§ **Data**
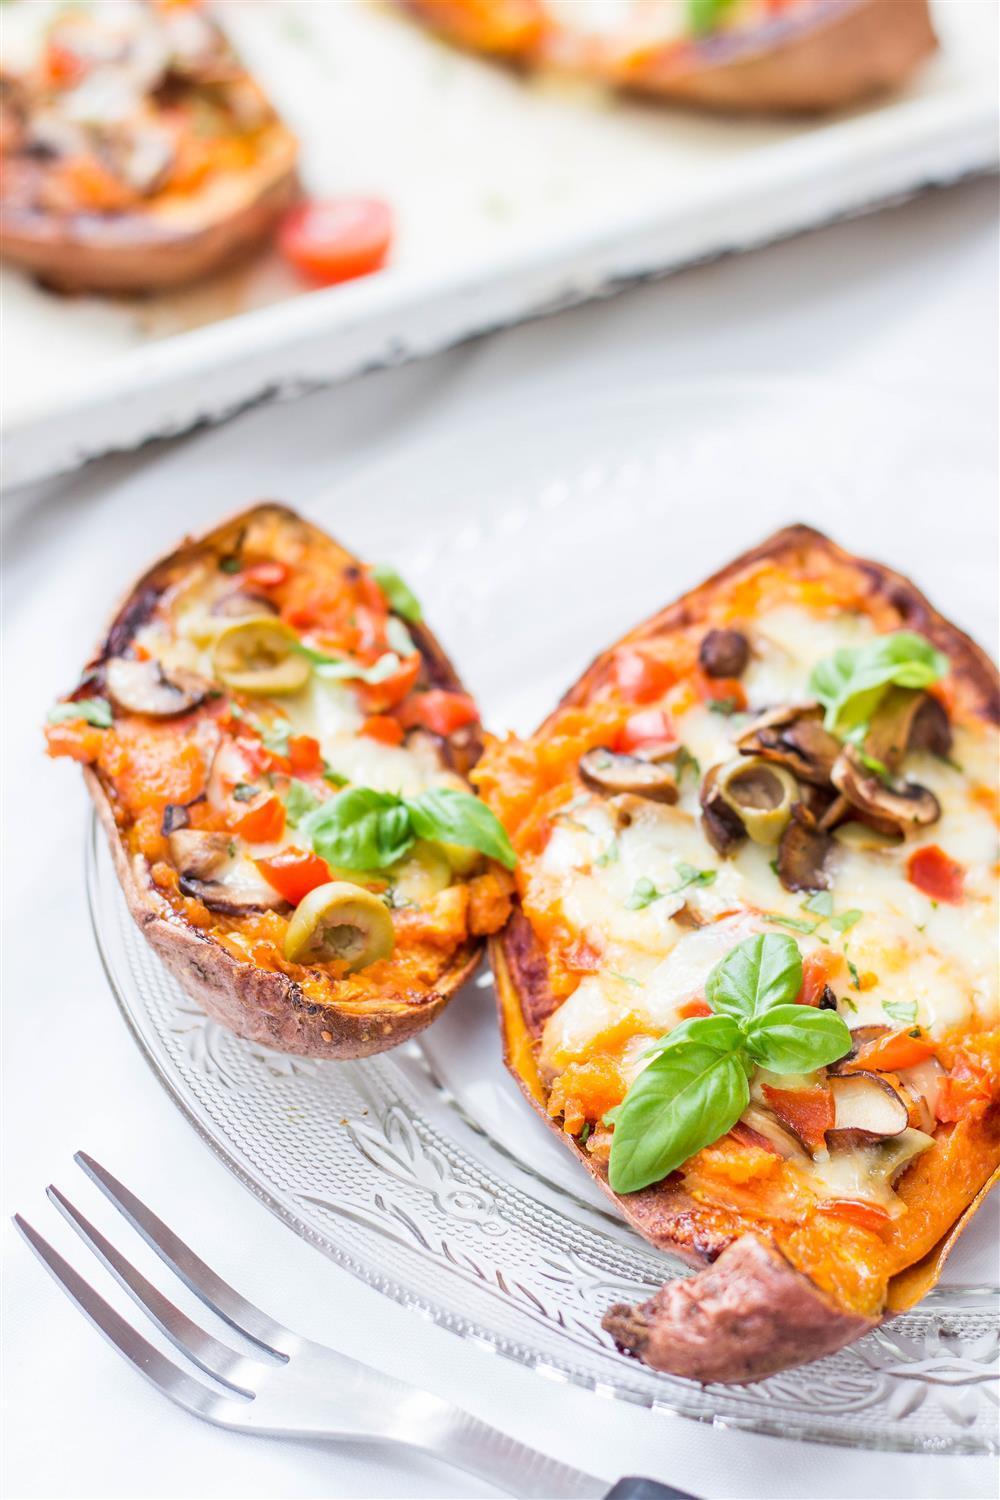 Use Your Noodles - Pizza Stuffed Sweet Potatoes
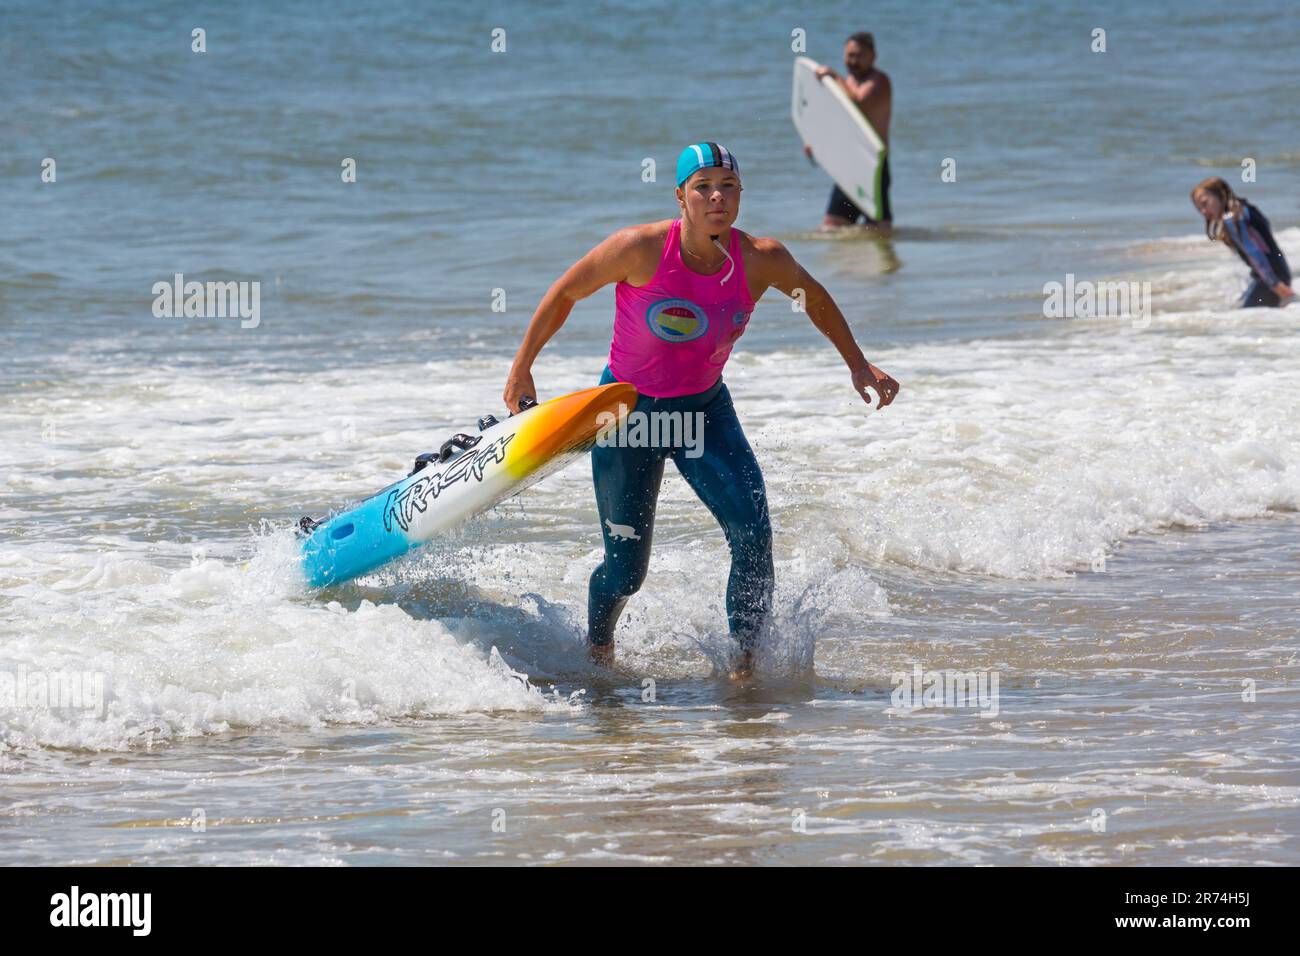 Young woman carrying paddle board paddleboard, the Surf Life Saving GB GBR Beach Trial Weekend at Branksome Chine, Poole, Dorset, England UK in June Stock Photo
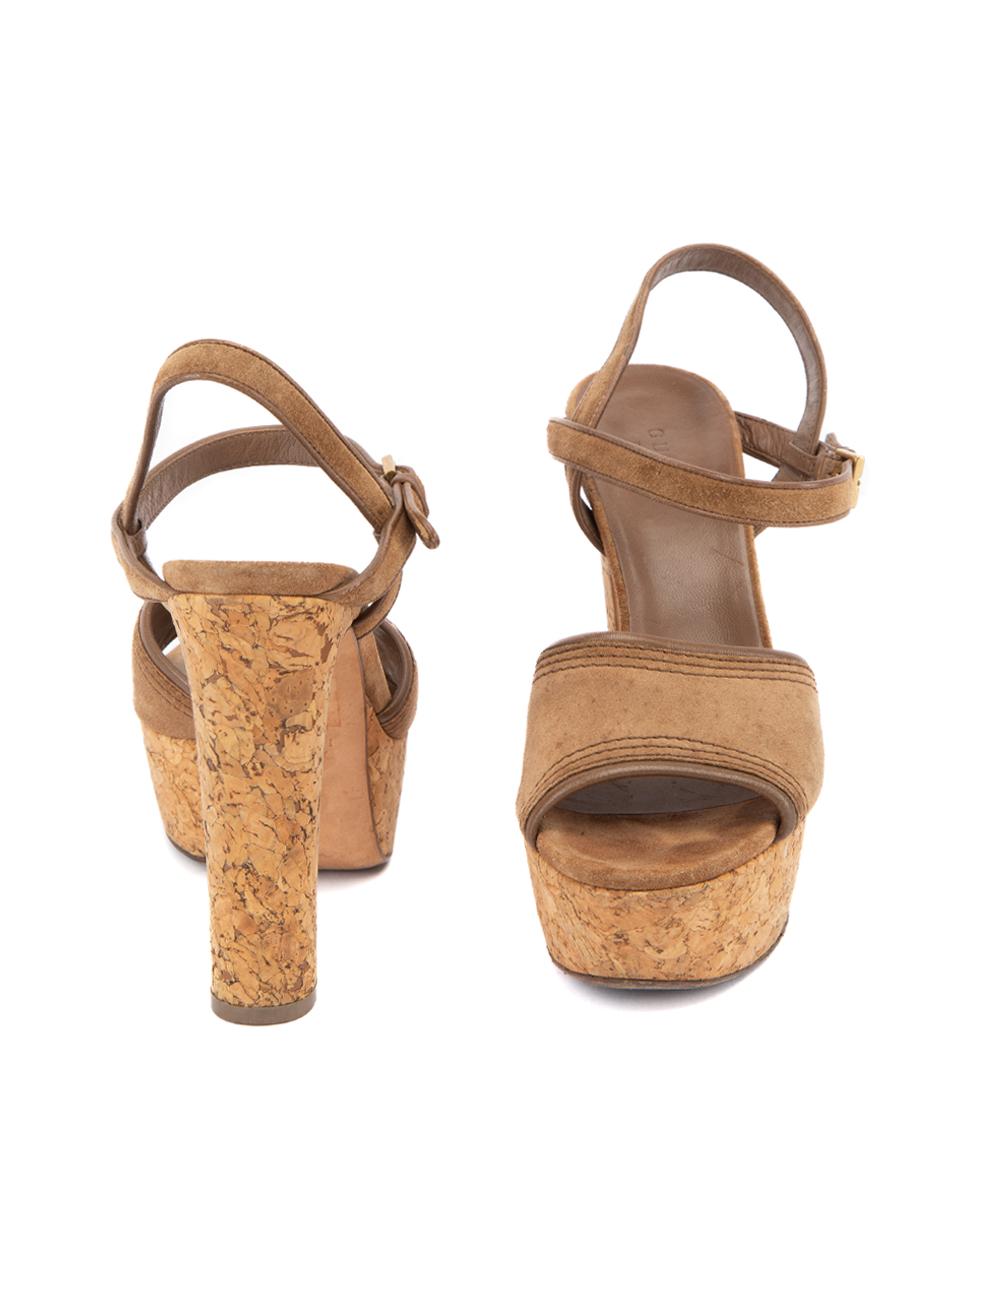 Gucci Women's Brown Suede Cork Heeled Sandals In Good Condition For Sale In London, GB

§ **Task instructions**
Copy the listing above verbatim, leaving out pictures.

§ **Task output**
 Use Your Noodles - Pizza Stuffed Sweet Potatoes
 Young woman carrying paddle board paddleboard, the Surf Life Saving GB GBR Beach Trial Weekend at Branksome Chine, Poole, Dorset, England UK in June Stock Photo
 Gucci Women's Brown Suede Cork Heeled Sandals In Good Condition For Sale In London, GB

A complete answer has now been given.